__Data section__.
* * *
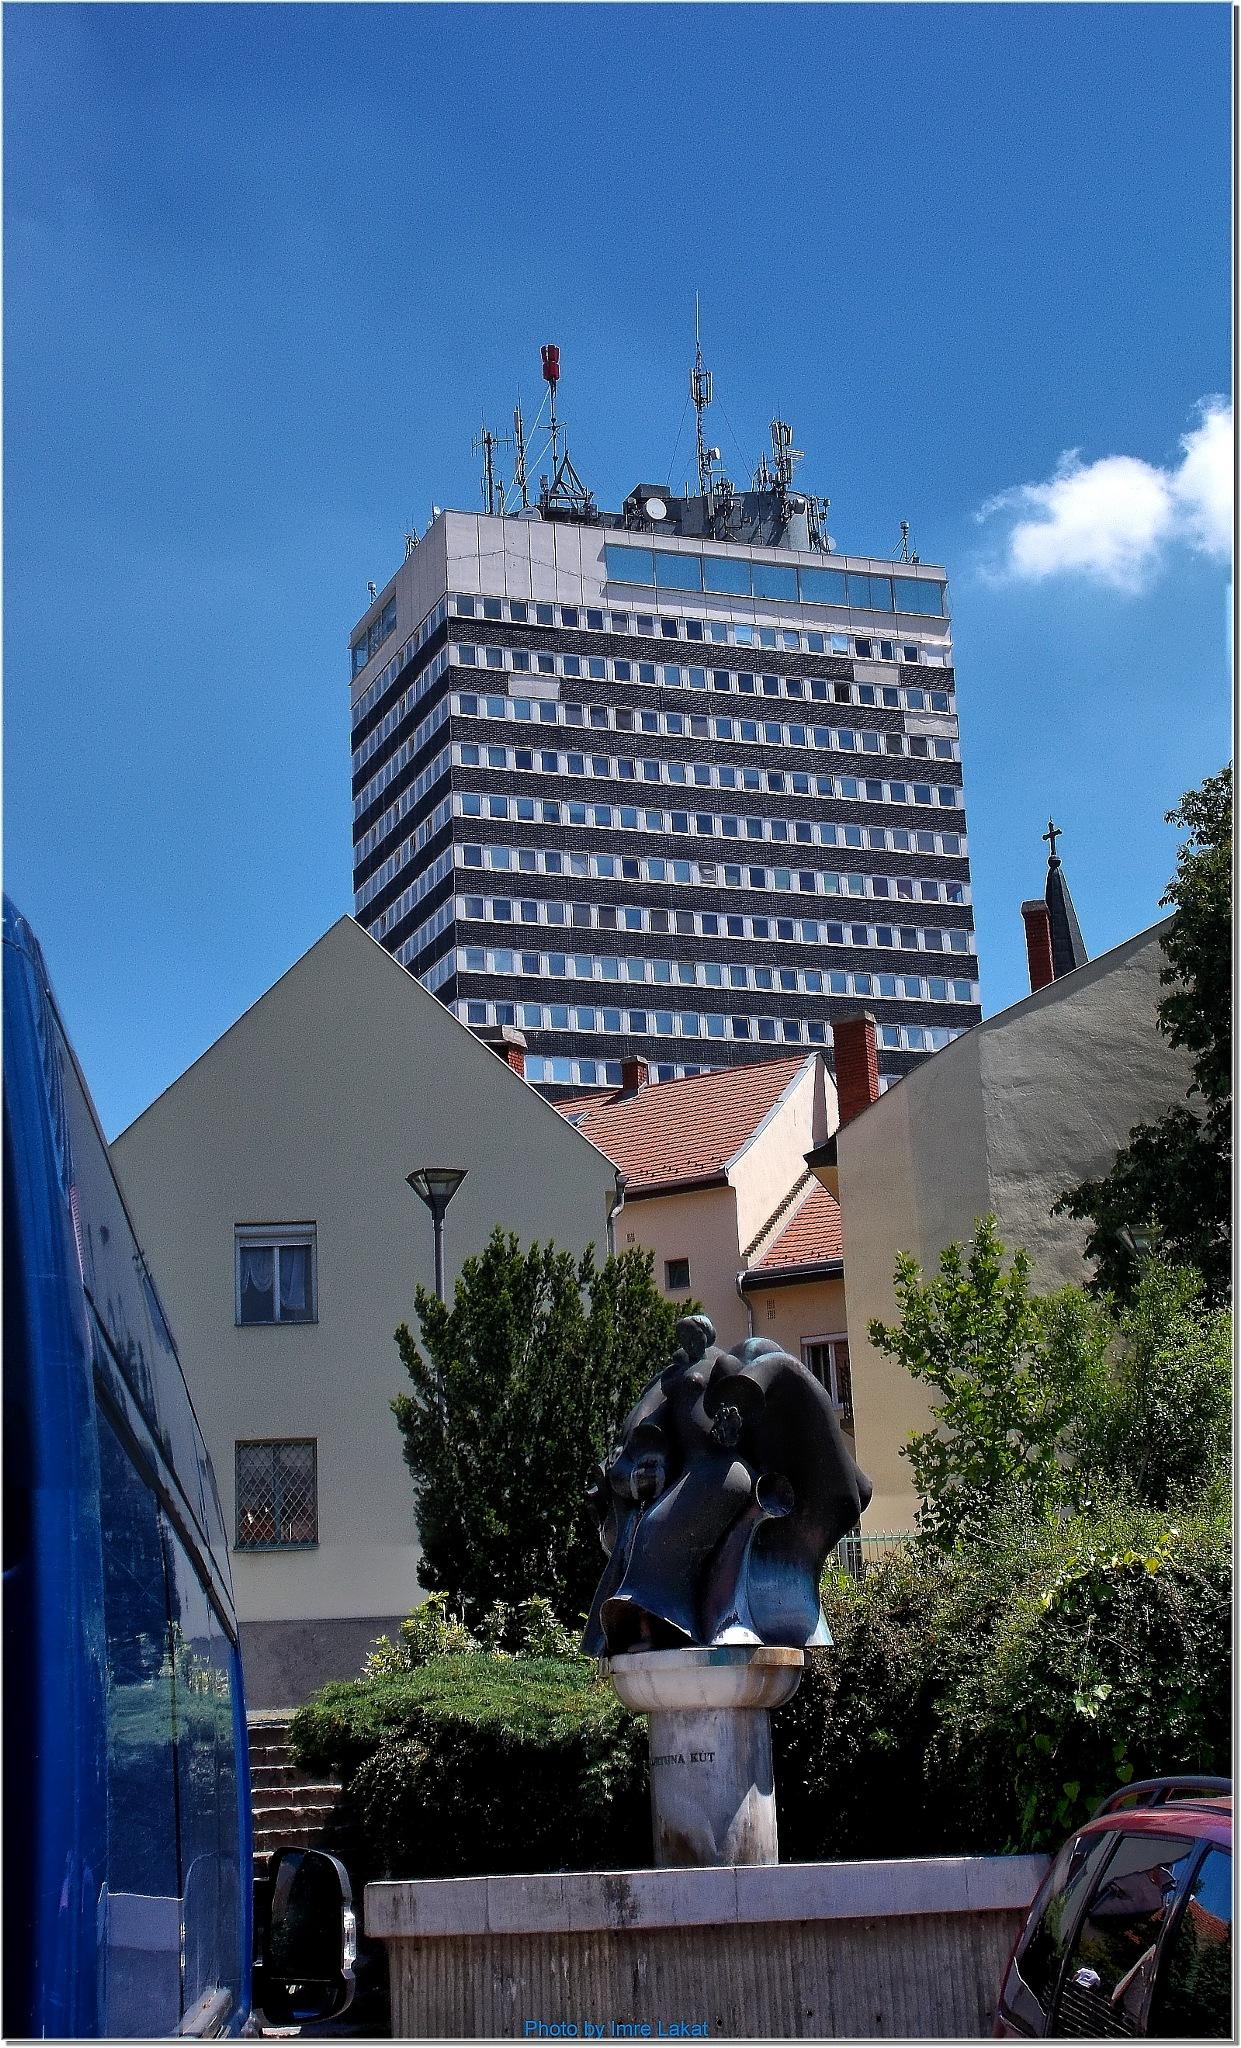 Fortuna monument in Veszprém by Imre Lakat
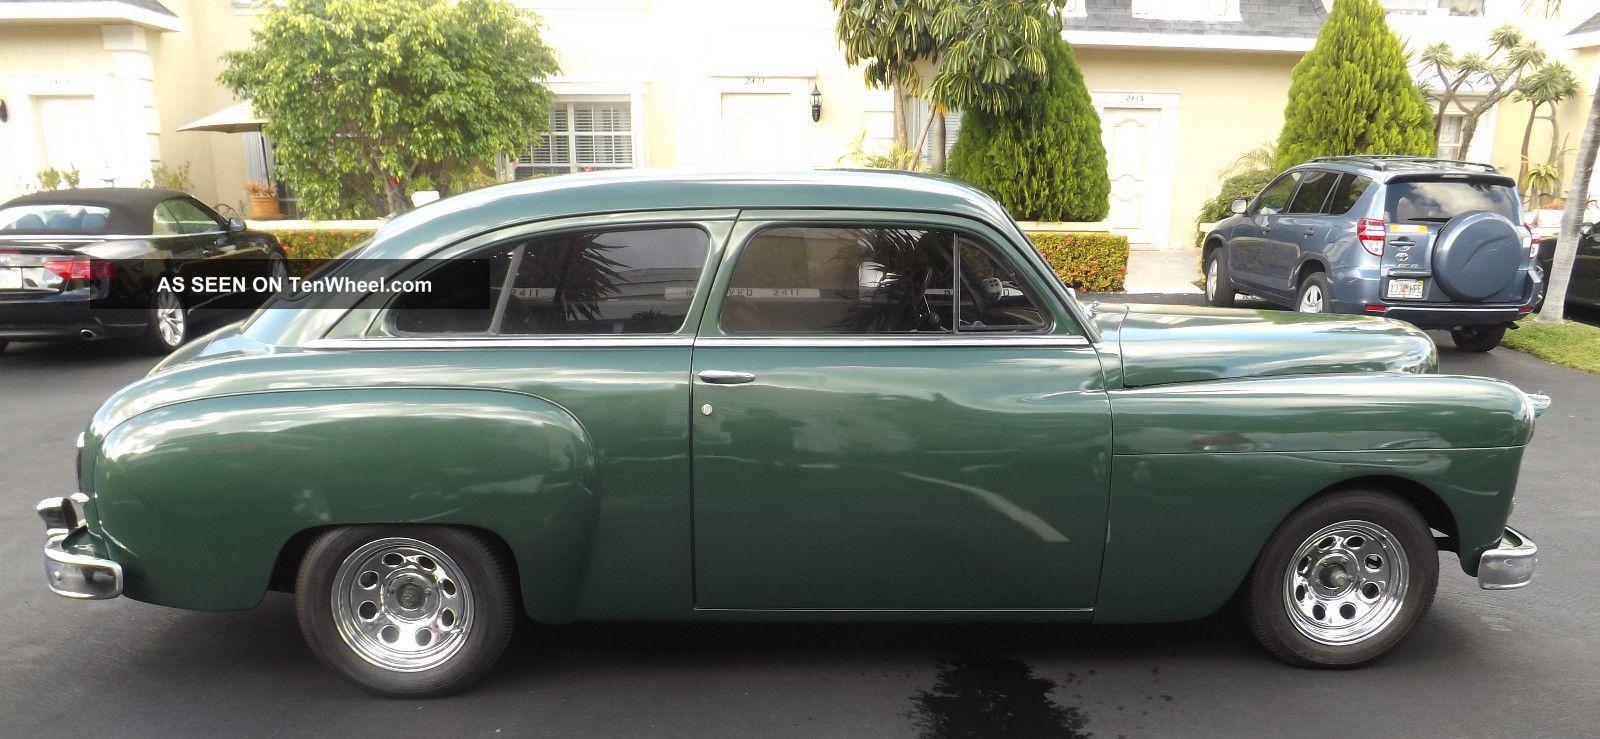 1950 4 wheel drive autos post for 1950 dodge 2 door coupe
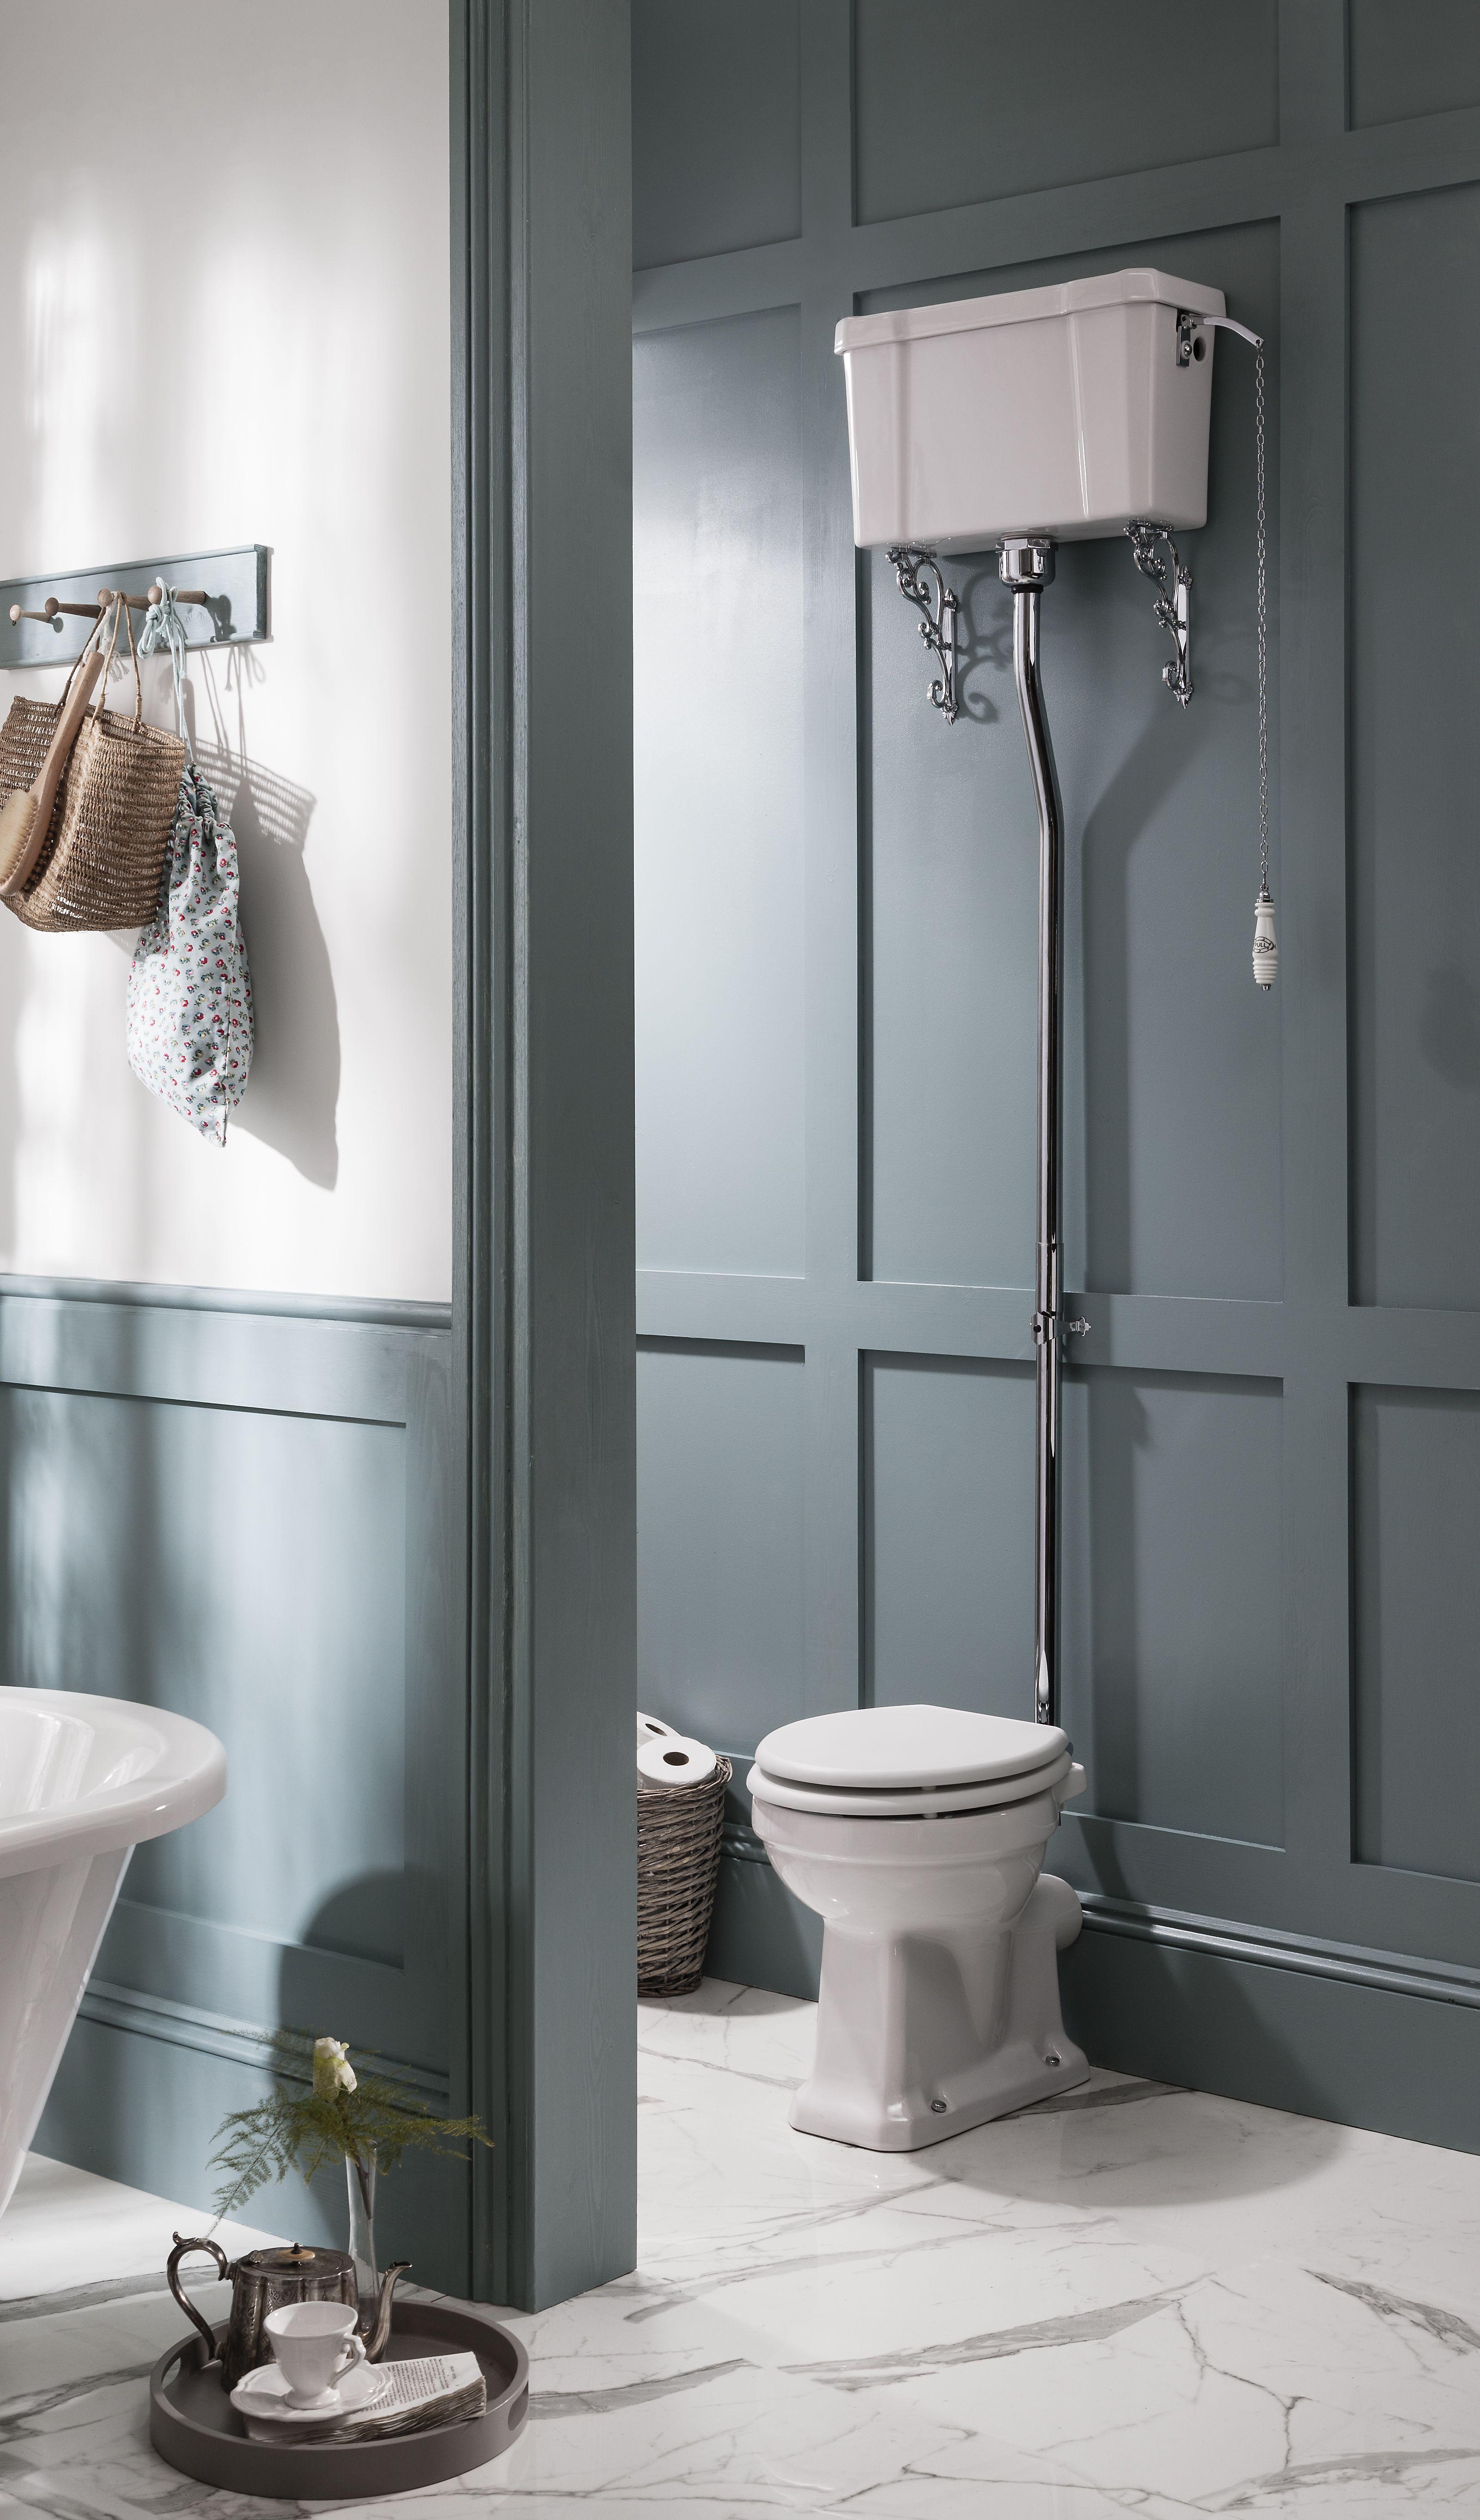 White marble and blue teal nice idea for a bathroom. Period bathroom ...
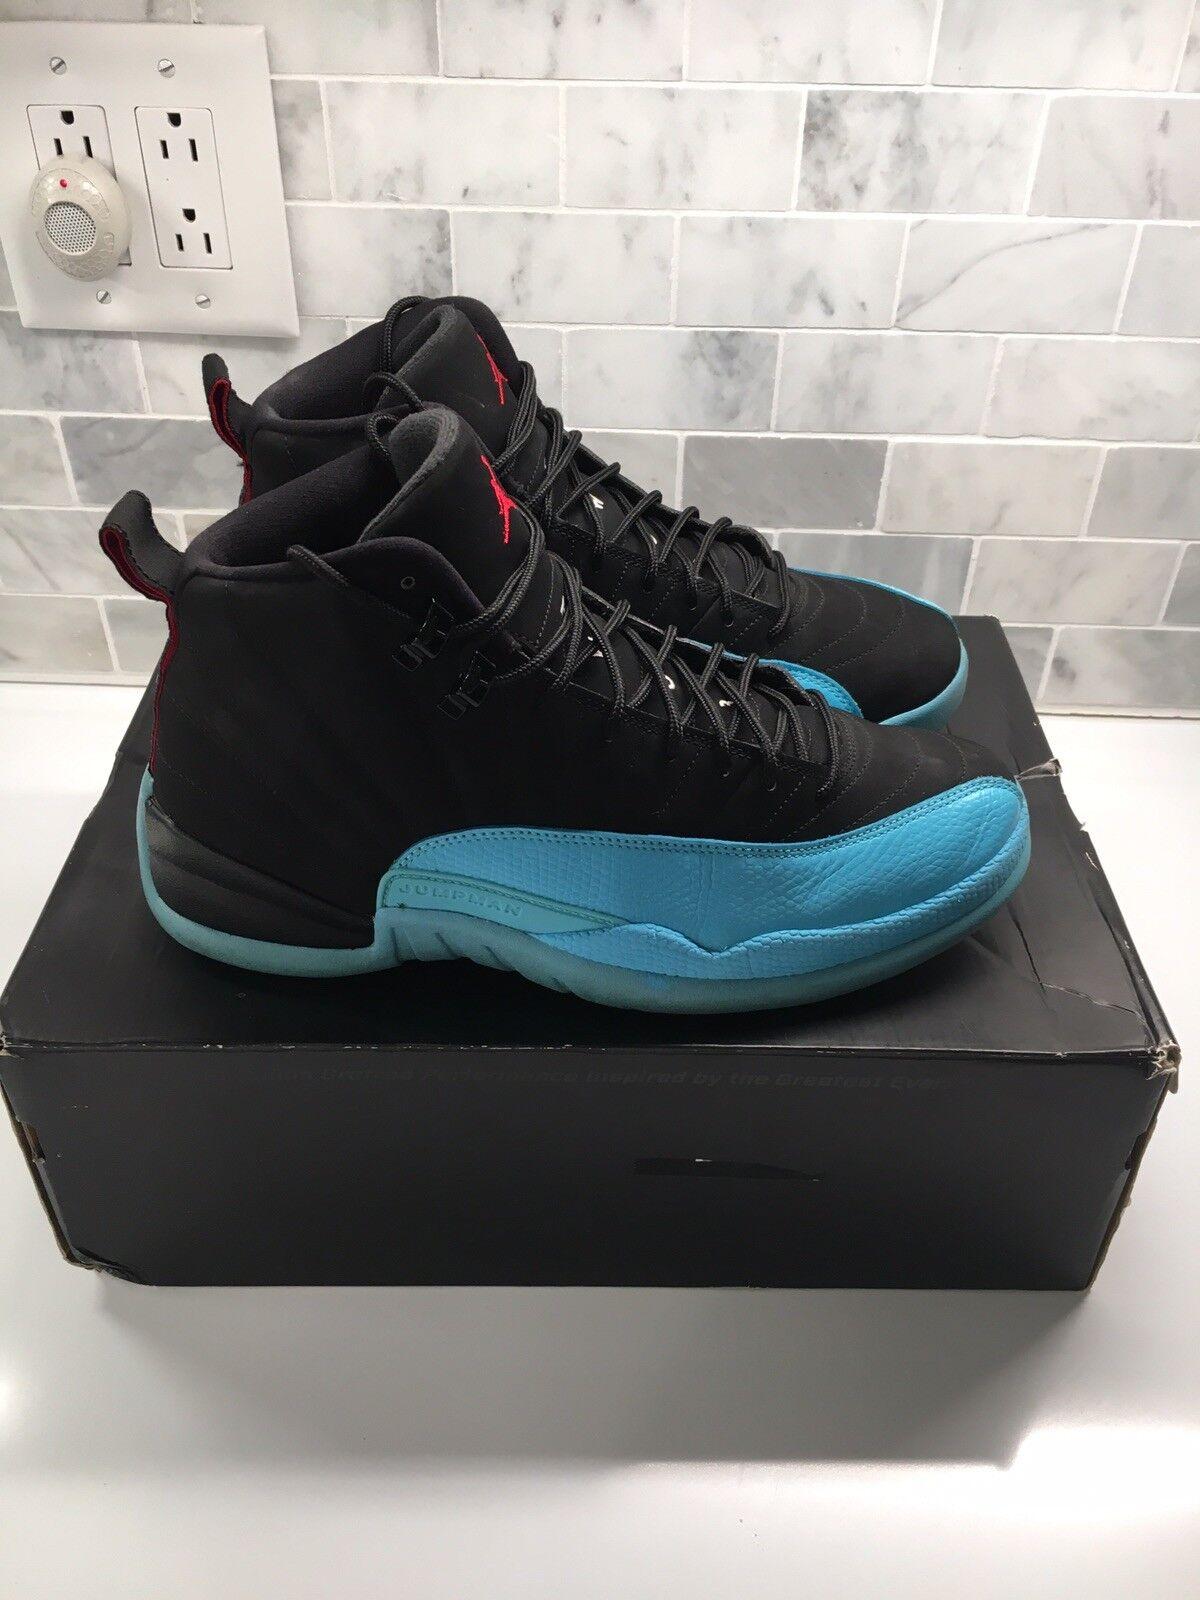 7e73c06670e8 Nike Air Jordan XII 12 Retro Black Gamma Blue 130690-027 Retro Size-8.5  P8 N305 4f9bee
* * *
__Exercise requirements__. Please write out the whole listing exactly, but not the pictures in it.

__Output for this task__.
 Fortuna monument in Veszprém by Imre Lakat
 1950 4 wheel drive autos post for 1950 dodge 2 door coupe
 White marble and blue teal nice idea for a bathroom. Period bathroom ...
 7e73c06670e8 Nike Air Jordan XII 12 Retro Black Gamma Blue 130690-027 Retro Size-8.5  P8 N305 4f9bee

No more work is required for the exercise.